Тогда он начал убеждать ее воспоминаниями. Говорил ей о первых днях, о бале во дворце Фарнезе, об охоте в полях Божественной Любви, об утренних встречах на Испанской площади, у витрин ювелирных магазинов или на тихой, барской Сикстинской улице, когда она выходила из дворца Барберини и ее преследовали крестьянки с корзинами роз.

— Помнишь? Помнишь?

— Да.

— А тот вечер с цветами, в начале; когда я пришел к тебе с целой ношей цветов… Ты была одна, у окна — читала. Помнишь?

— Да, да.

— Я вошел. Ты едва повернулась; приняла меня сухо. Что с тобой было? Не знаю. Я положил букет на столик и ждал. Ты начала говорить о посторонних вещах, нехотя, без всякого удовольствия. В унынии я подумал: «Она больше уже не любит меня»! Но запах цветов был так силен: им уже наполнилась вся комната. Я еще вижу тебя, как ты обеими руками схватила букет и, вдыхая запах, спрятала все лицо.

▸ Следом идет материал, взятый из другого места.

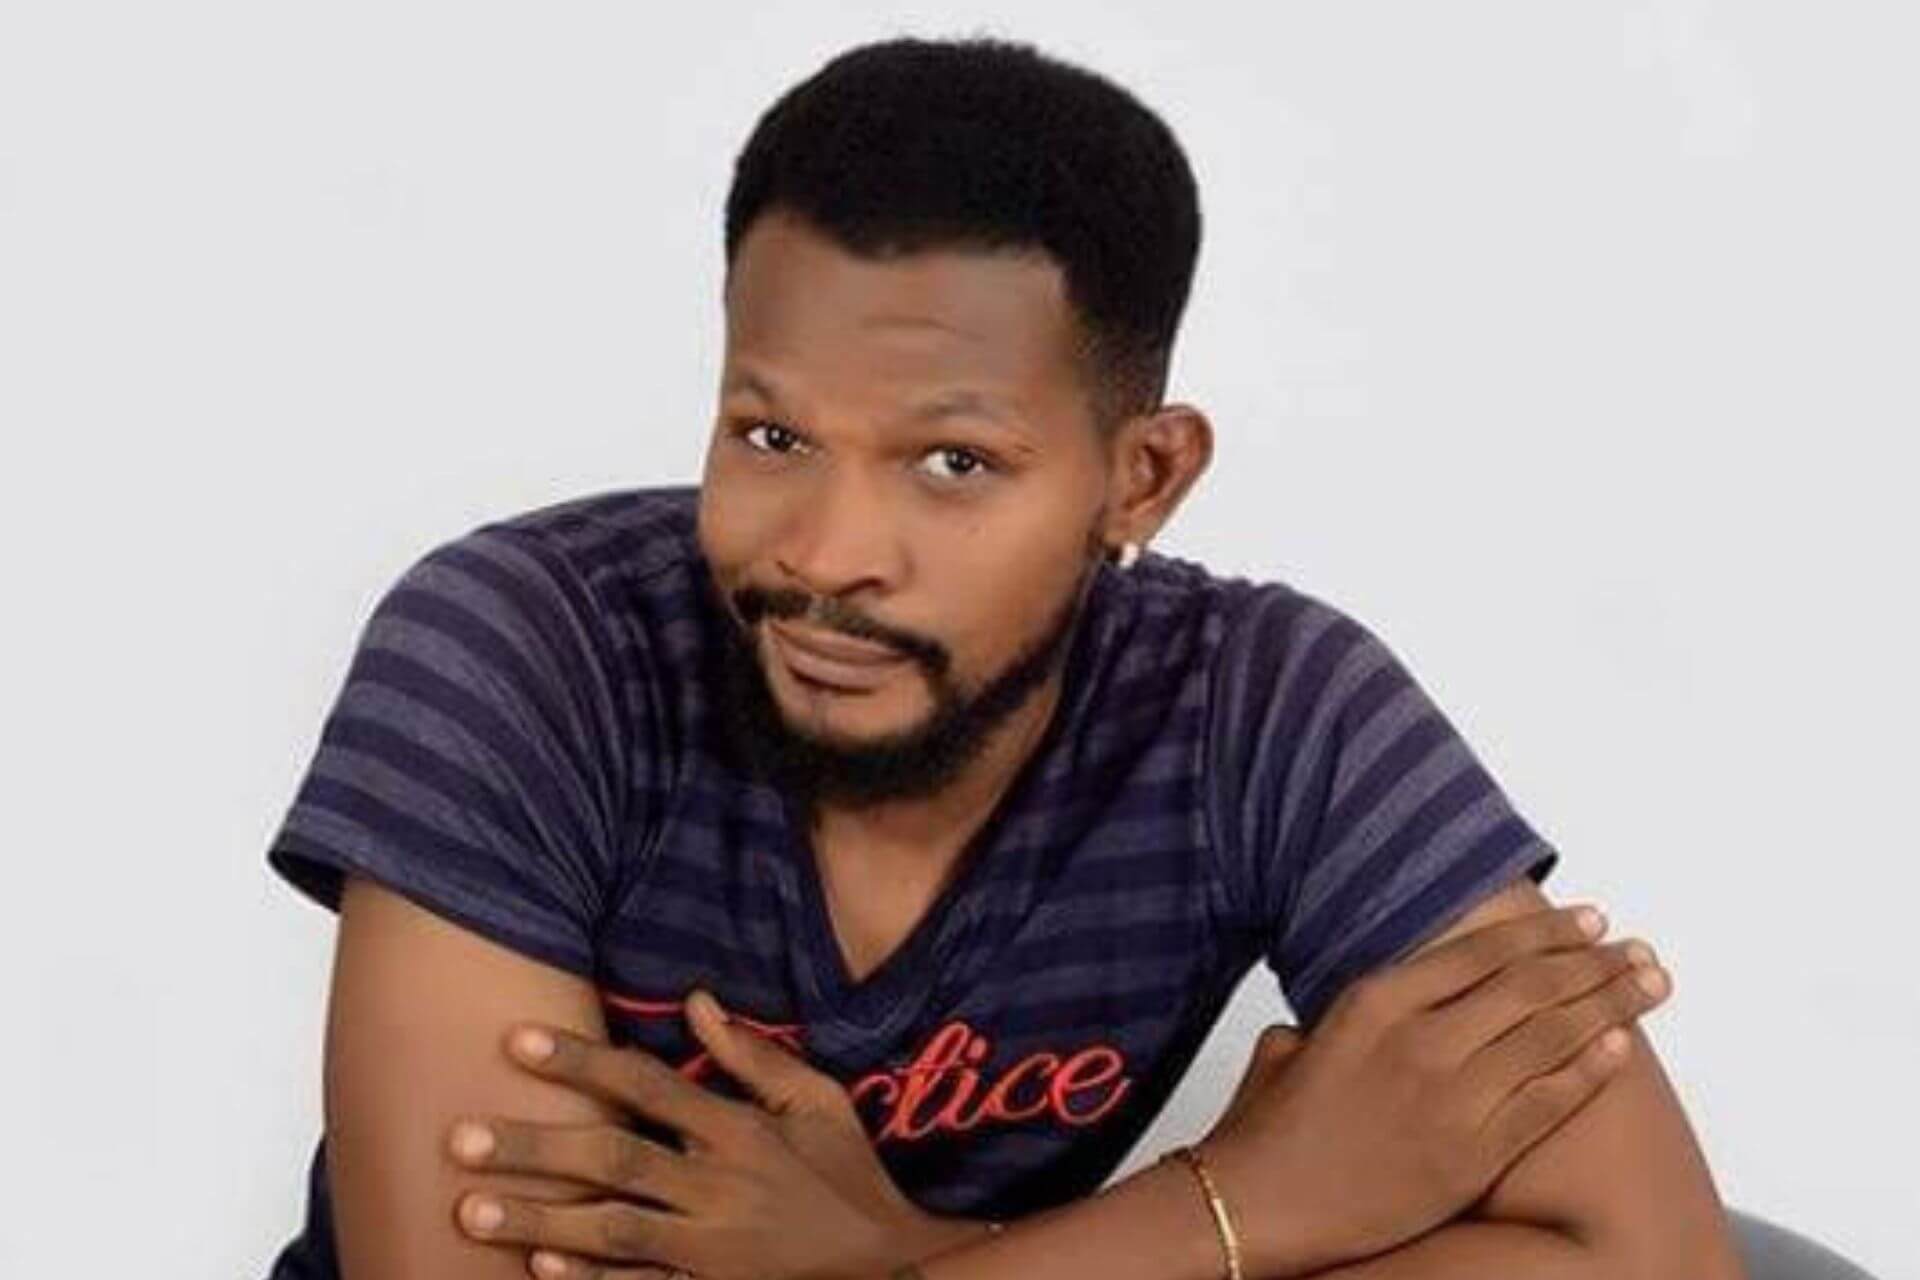 Nollywood actor, Uche Maduagwu says he was raped by a male actor
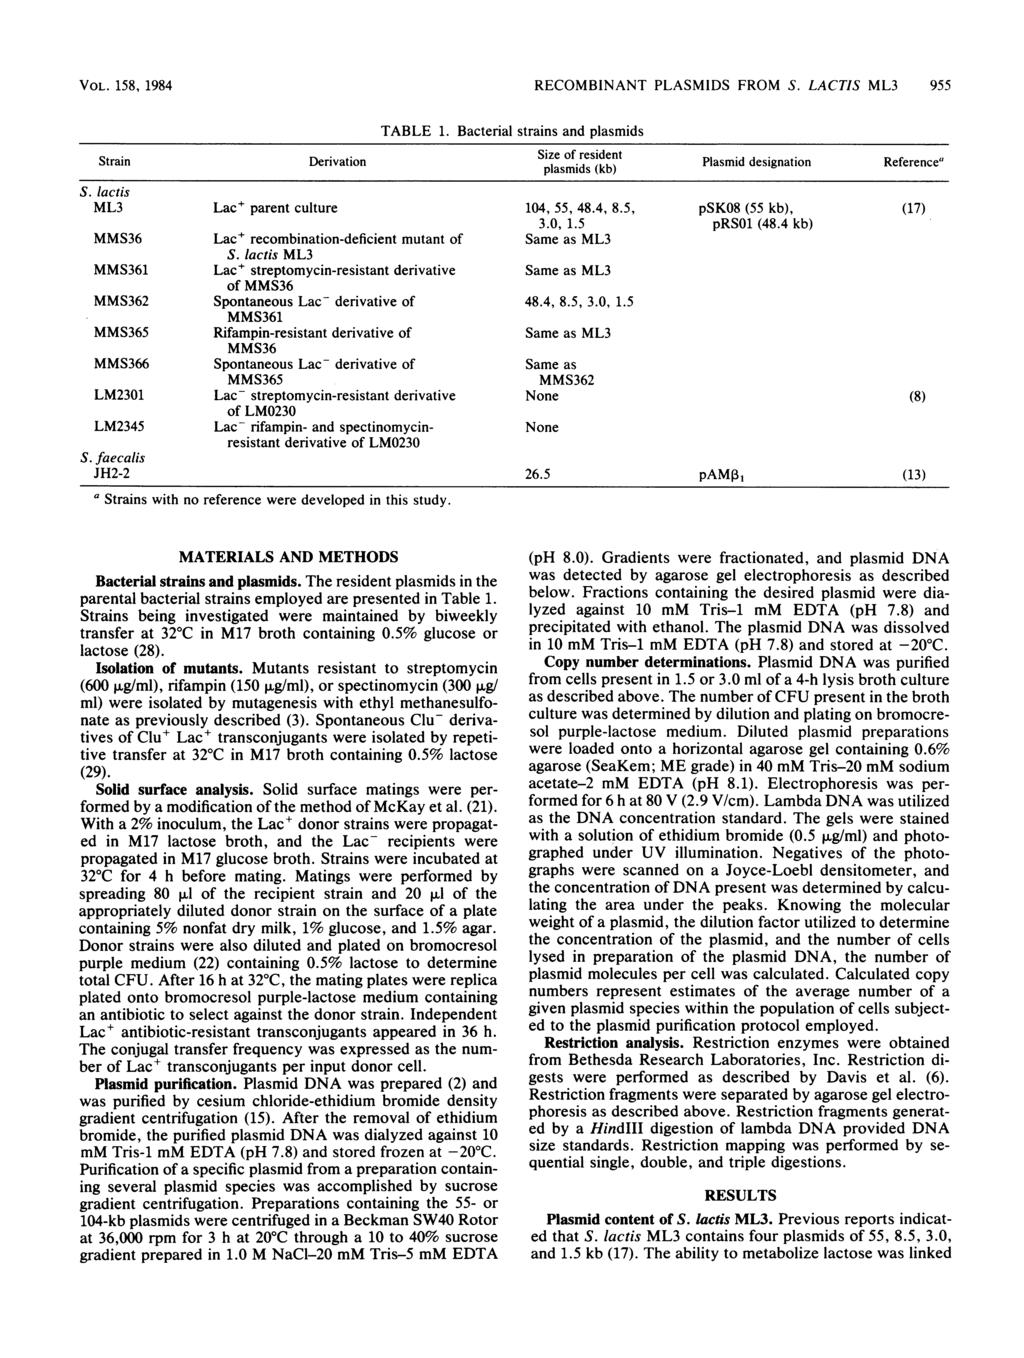 VOL. 158, 1984 RECOMINANT PLASMIDS FROM S. LACTIS ML3 955 TALE 1. acterial strains and plasmids Strain Derivation Size of resident Plasmid designation Referencea plasmids (kb) S.

Когда же ты опять открыла лицо, оно казалось почти бескровным и твои глаза изменились точно от какого-то опьянения.

— Продолжай, продолжай! — сказала Елена слабым голосом, перегнувшись через перила, охваченная чарою убегающих вод.

— А после на диване — помнишь? Я усыпал цветами твою грудь, руки, лицо, душил тебя ими; ты то и дело сбрасывала их, подставляя то рот, то горло, то полузакрытые глаза, предлагая их мне для поцелуя. Между твоей кожей и своими губами я чувствовал холодные, мягкие лепестки. Когда я целовал твою шею, ты вздрагивала всем телом и вытягивала руки, стараясь отстранить меня… Ах, тогда-то… Твоя голова была погружена в подушки, грудь закрыта розами, руки обнажены до локтей; и ничего не было прелестнее и нежнее легкого трепета твоих бледных рук на моих висках… Помнишь?

— Да. Продолжай!

И он продолжал с возрастающей нежностью. Опьяненный собственными словами, он почти терял сознание того, что говорил. Повернувшись спиною к свету, Елена все больше наклонялась к возлюбленному. Они оба чувствовали сквозь платье смутное соприкосновение их тел. Холодные на взгляд, медленно текли под ними речные волны; высокий и тонкий, как пряди волос, камыш наклонялся к реке при каждом дуновении и плавно покачивался.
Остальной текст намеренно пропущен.